### Data section
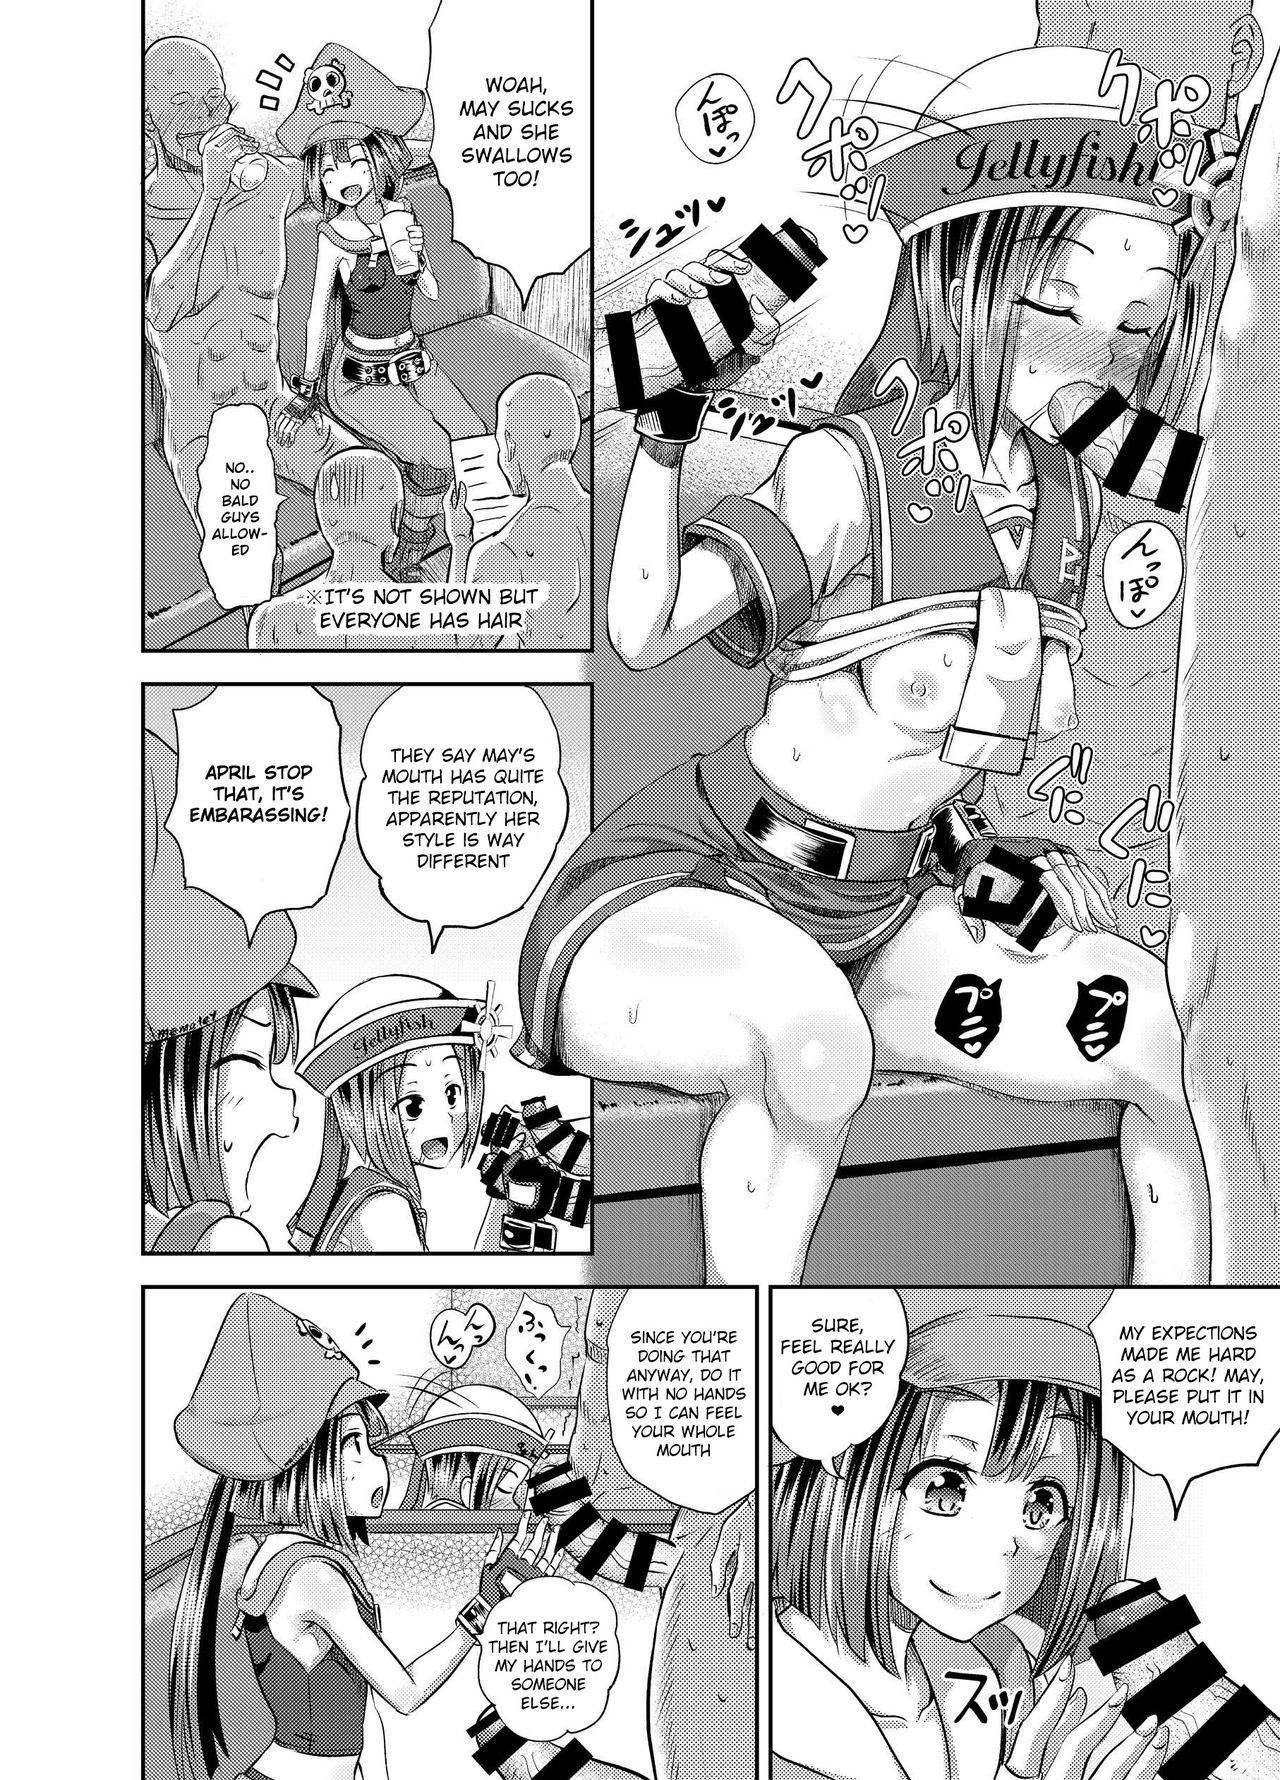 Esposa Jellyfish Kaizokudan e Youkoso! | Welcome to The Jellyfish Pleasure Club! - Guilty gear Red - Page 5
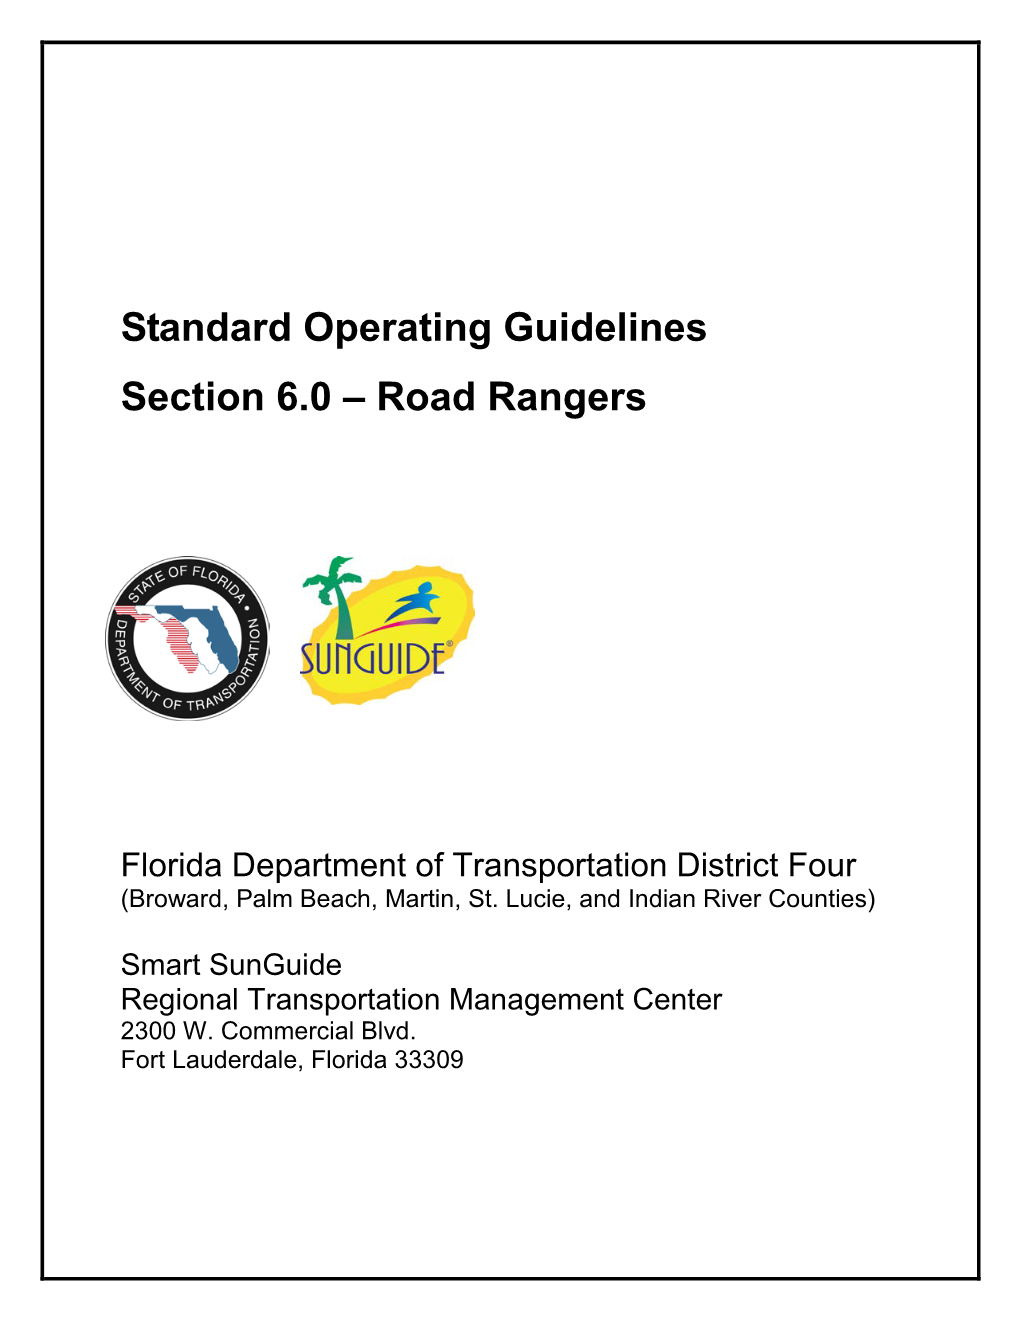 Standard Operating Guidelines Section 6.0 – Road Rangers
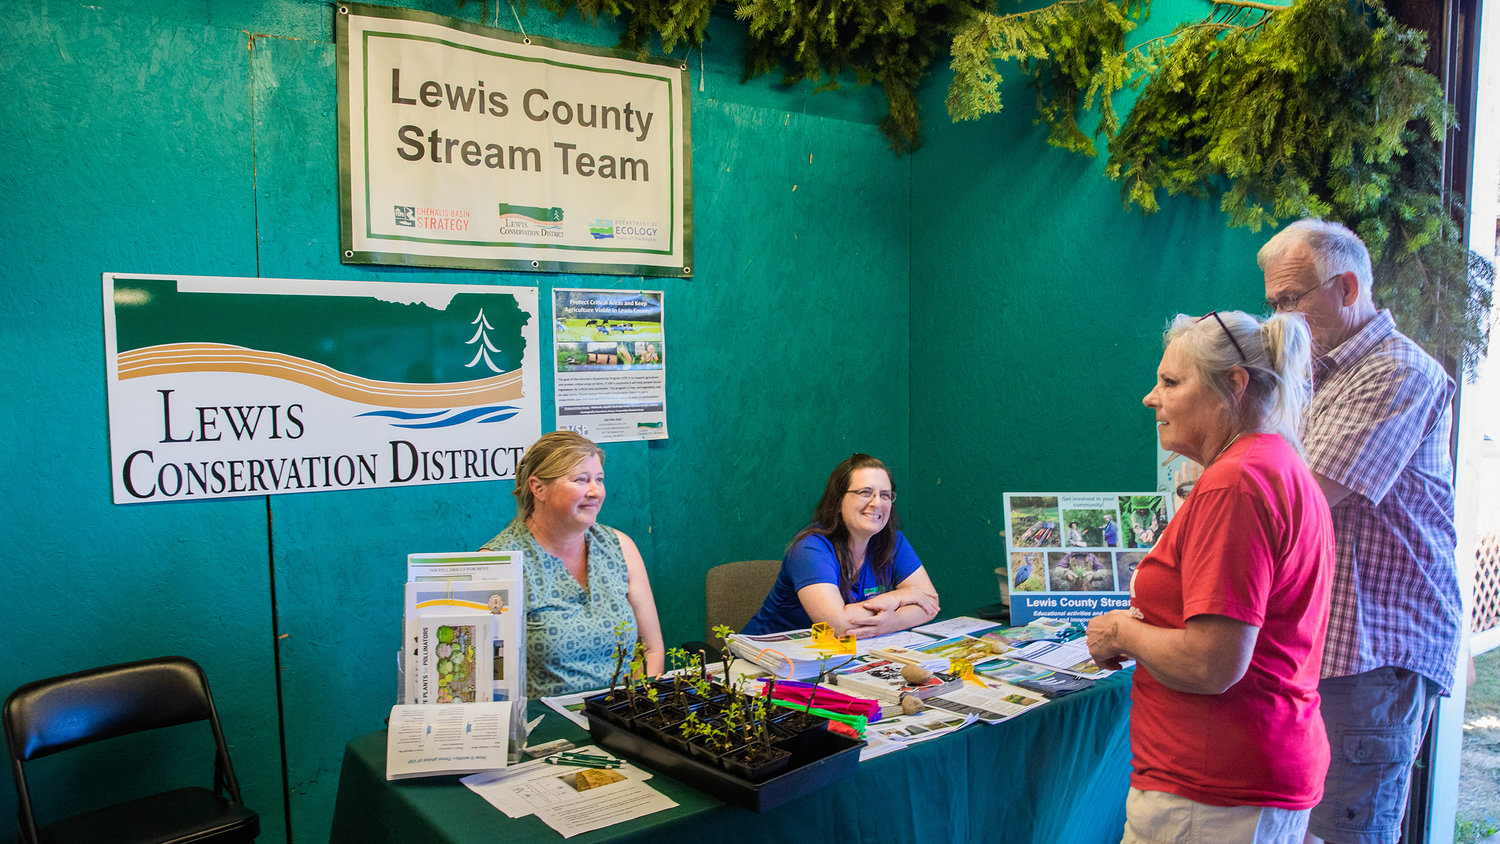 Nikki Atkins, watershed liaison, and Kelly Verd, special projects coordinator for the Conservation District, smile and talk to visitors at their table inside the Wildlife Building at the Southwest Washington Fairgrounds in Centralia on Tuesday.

### Exercise prompt
Copy out exactly, with no pictures, the lines of the data from the first one through the line bearing "Standard Operating Guidelines".

### Solved problem
 Esposa Jellyfish Kaizokudan e Youkoso! | Welcome to The Jellyfish Pleasure Club! - Guilty gear Red - Page 5
 Standard Operating Guidelines Section 6.0 – Road Rangers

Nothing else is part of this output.